The band members recently gathered at the Viper Room to play a private show for pop-radio powers in the Los Angeles market.

Trip down memory lane

Before the Viper Room show, the band set aside time for a shared trip to the past — they all piled into two cars to visit the Brentwood childhood home of Dusick, whose parents long ago gave up their musty garage to band gear of Kara’s Flowers.

Standing in the garage, the band members chatted warmly, teased one another and dusted off old stories and gear, recalling how in the late 1990s it seemed as if their music career would be mothballed, too.

Kara’s Flowers released the CD “The Fourth World” on Reprise Records in 1997. Noted rock producer Rob Cavallo was on board, and even before the band members were old enough to vote, their tours of duty in Los Angeles clubs seemed to prime them for a big ramping up. Their sound by then had moved from grunge to a 1960s vibe, but none of it clicked at record stores, so they split.

Levine and Carmichael headed to college in New York, where they found their West Coast guitar sensibilities suddenly sampling R&B and other urban influences. That would be the sea change when they came back and relaunched as Maroon5.

The defining pop-culture moment for the band was not 10 years of touring, the Grammy or even the anointment by Clive Davis, the famed music mogul who has been instrumental in the group’s rise to fame.

No, the memory held by most fans is the video for “This Love,” in which Levine vamped for the camera while wolfishly making out with his then girlfriend, model Kelly McGee, each of them in varying degrees of disrobement.

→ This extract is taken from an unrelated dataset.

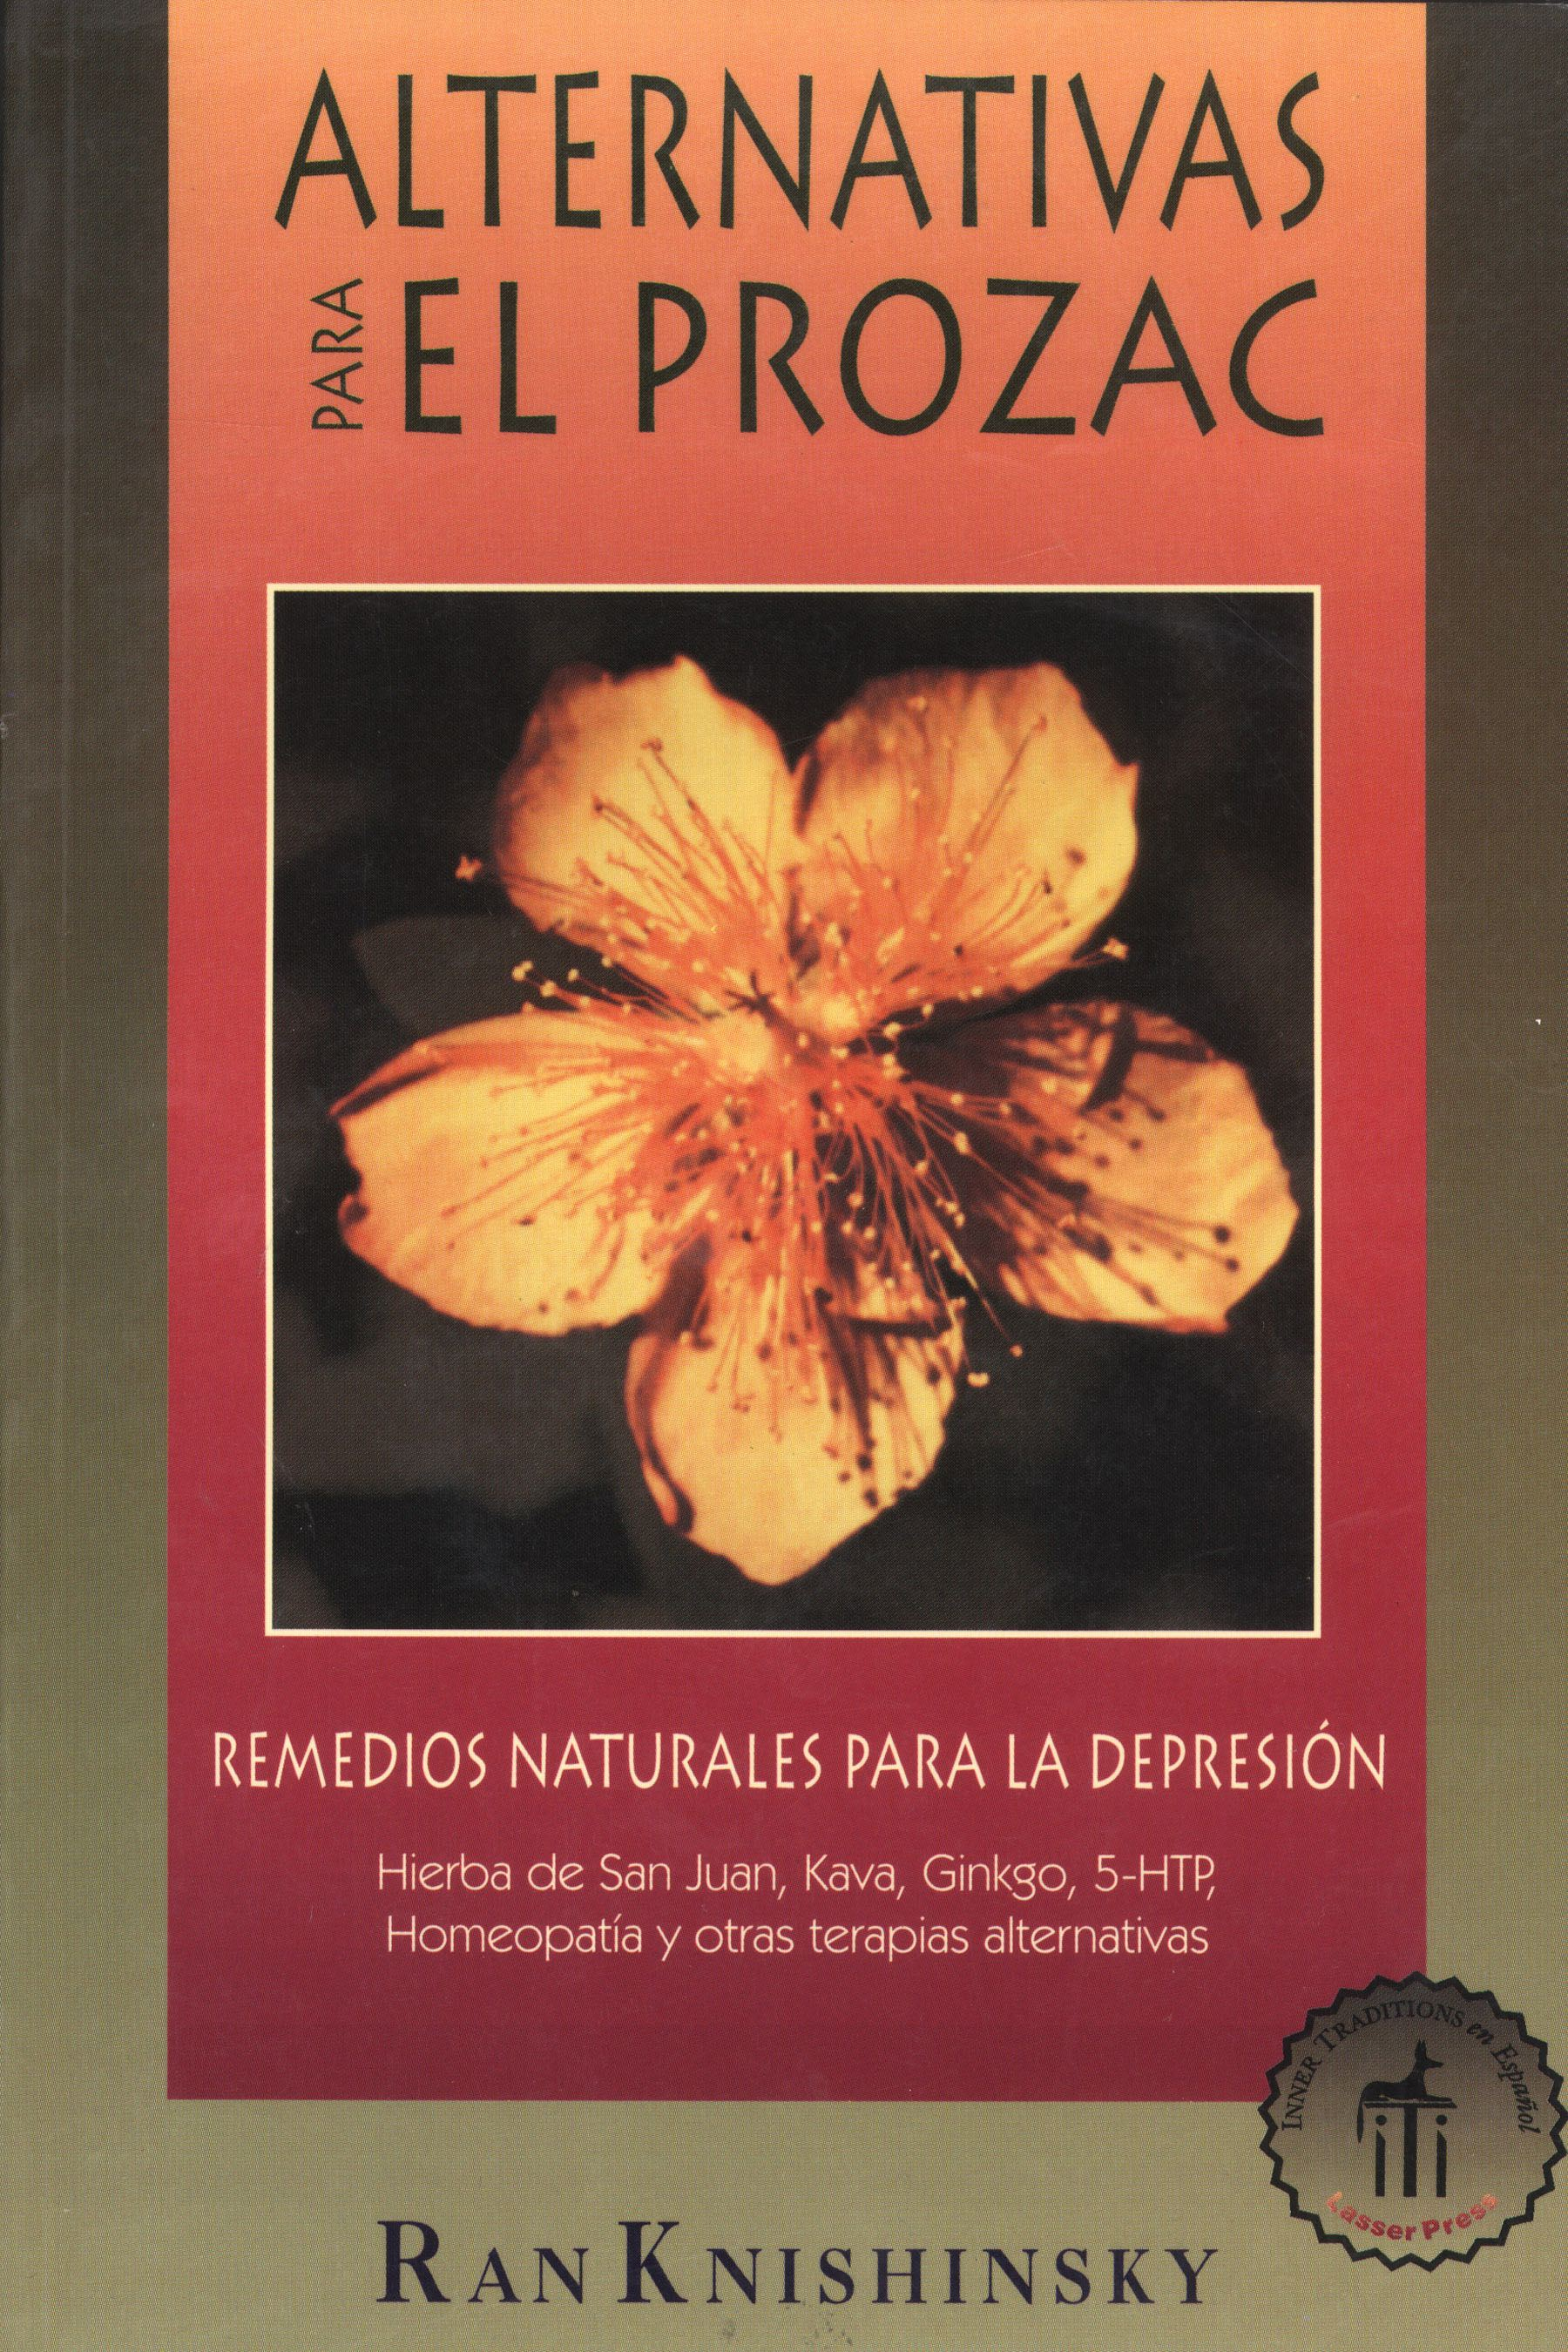 Alternativas para el prozac 9780892815913 hr

“Naturally, Adam is more the focus as the singer, which doesn’t bother me at all, but I often stand there and feel like it’s happening around me and I’m like some sort of set piece,” Madden said. “We had wanted to do something cinematic, but it’s hard to realize that it will become this thing that introduces you to most fans.”

As it is, the group members straddle the line between pop stars and rock rebels, last year being featured in both Seventeen and High Times magazines.

The band is looking for a producer to guide its follow-up effort, and Levine shrugs off any concern that a misstep now will send the group into one-hit-wonder territory.

“Whether you love it or hate it, there’s no comparable band right now,” he said. “We occupy a pretty weird space. … We are a hugely successful pop group. Our spot is where we’re at now. Unfortunately it’s the byproduct of being perceived as attractive. But don’t hate us for it.”